Cyril could not help Rachel now. She opened her mouth and shut it. Then opened it again. ‘It was an error.’ She rolled her r’s in a manner that the divine Sarah would envy.
‘An error for what?’ inquired Auguste politely.
There was a short pause.
‘I was under the impression,’ replied Rachel Gray with what dignity she could muster, ‘that it was the lavatory.’
The Casino des Fleurs was not a thriving concern. It had little competition in Cannes, for there were many who could not afford the prices of the Cercle Nautique, but somehow despite the attractions of its
petits chevaux
, lawn tennis, reading room, theatre and restaurant, it had not captured the hearts of the Cannois, nor, more importantly, of the
hiverneurs
. This evening, however, its fortunes looked fair to change. Although its reading room did not carry the same cachet as that of Mr John Taylor, tonight its theatre, despite the fact that on Tuesdays the band played at the Cercle Nautique, was about to transform its hitherto unremarkable achievements. Even the Prince of Wales had abandoned the Cercle Nautique in order to see Natalia Kallinkova dance in
The Sleeping Beauty
.
Lord Westbourne was now interred in the new cemetery by the side of Lord Brougham, but his murderer was as yet undiscovered. Soon Rose would return for the ball and Auguste had nothing further for him except that Rachel Gray had possibly entered the study with evil intent. But for what reason? It seemed hardly likely she would go to such lengths to prevent her husband from discovering about the Grand Duke Igor. Perhaps there might be some other reason? After all, her husband was in the Colonial Office and Westbourne an emissary of the Queen. He must mention this to Egbert.
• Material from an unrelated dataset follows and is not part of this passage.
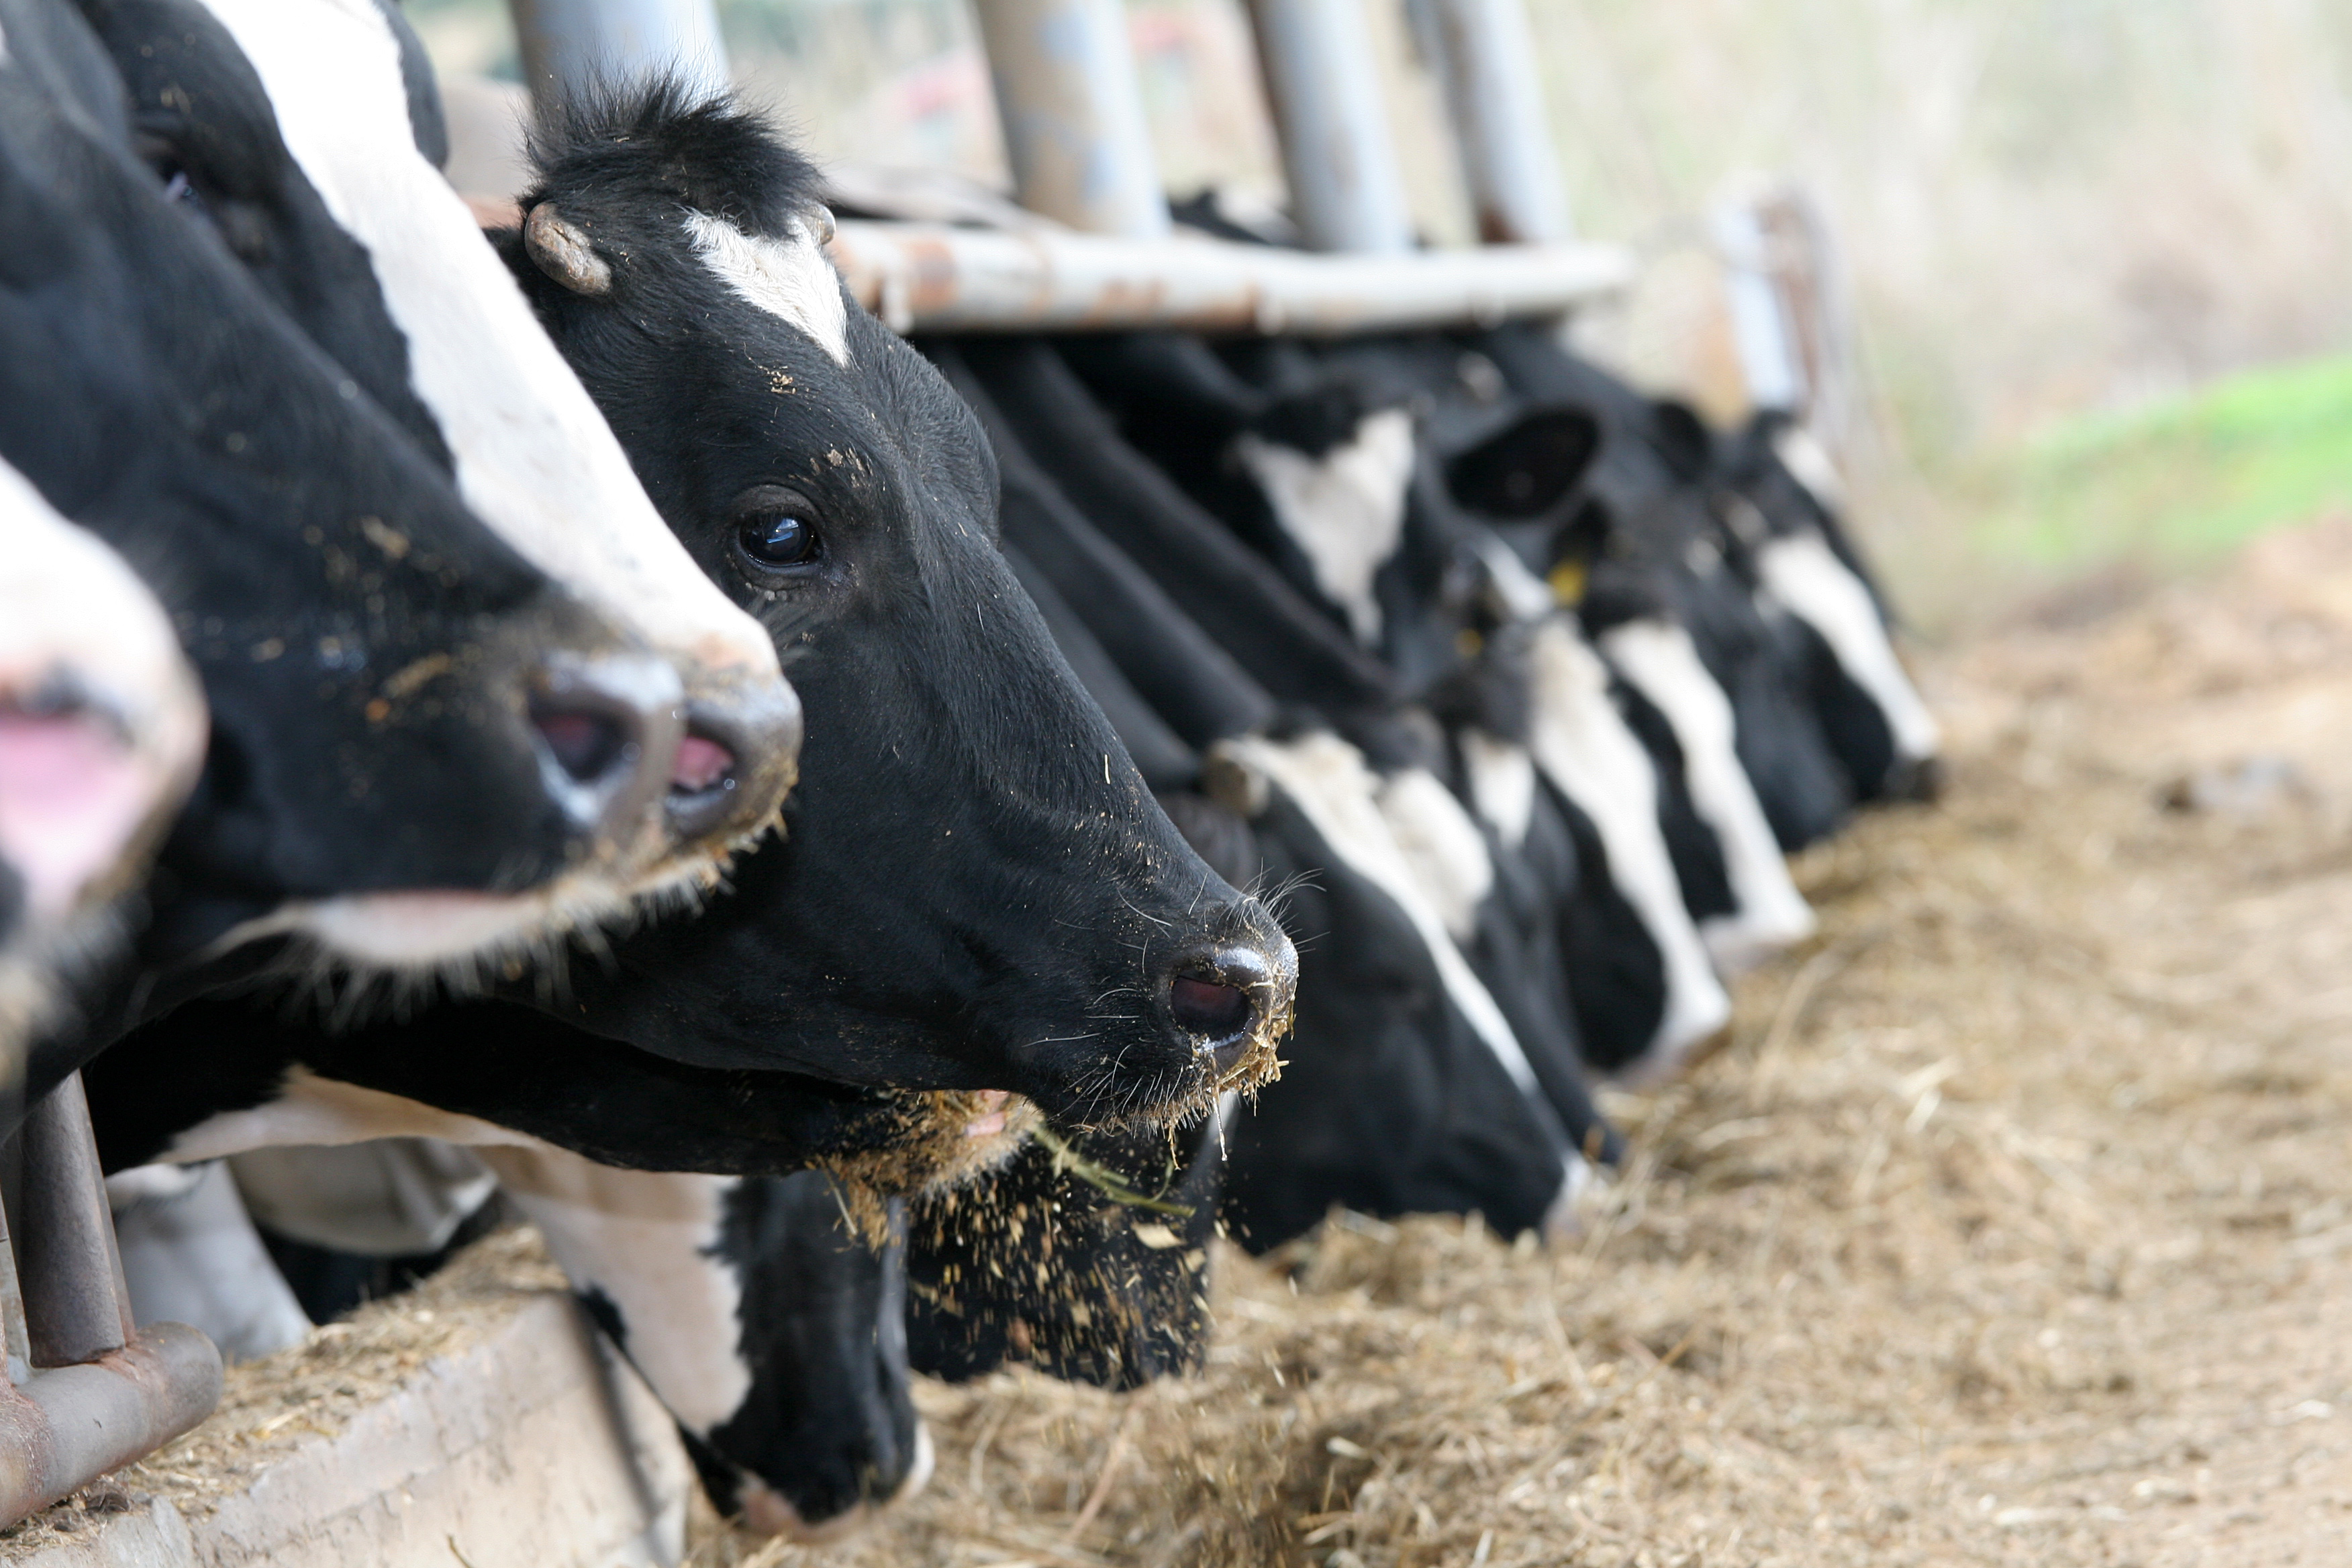 Israeli cows lead the world in milk production

Moreover Bastide still remained in custody. This irked Auguste. He now had a witness whose evidence could free Bastide – if only he could find him again. But for once the old Cannois – for it must have been he – had disappeared as surely as the ghost of
Masque de Fer
. Agog with his information, but without the old Cannois in person, Auguste had rushed to Fouchard.
Chesnais refused to release the Comte, so Fouchard told him. It was natural in his view that sweethearts should wish to protect their lovers, even at the expense of their own
reputations. Chesnais stood firm. He had his man, and Bastide continued to languish in jail. Auguste had spent much time since Rose had departed conscientiously sifting evidence; since he had been banished from Natalia’s bed for a while so that she might prepare for performances in Monte Carlo and tonight’s in Cannes, it had been no great hardship.
But since Emmeline had told him of the old Cannois, he had vanished as surely as the Ghost of the Iron Mask.
Auguste sat in the small balcony with his mother and father, for once not noticing the unaccustomedness of their best clothes, so excited were they. Did Auguste go to the ballet every evening in London? they inquired.
Auguste had seen Natalia dance in London several times, but here it seemed different. They were closer now; he felt every movement she made on stage, every emotion she shared with the audience. The complete mistress of technique, she abandoned herself to the sensuousness of the music, sweeping him into a land of heady romance and delight. Even her audience, fashionable though it was, with the Prince of Wales present, paid close attention. From the balcony Auguste looked down upon row after row of deeply cut décolletée evening dresses, jewels, fans and opera hats. Had this anything to do with Kallinkova’s art? She would dance as happily and as well to an audience of two chimney sweeps as to this splendid gathering. Natalia . . . the supreme artiste. Did he love her? Could you love a will o’ the wisp? An enchantment, a dream . . . It was a precious butterfly, something to cherish, to adore and then to see fly free with the summer air.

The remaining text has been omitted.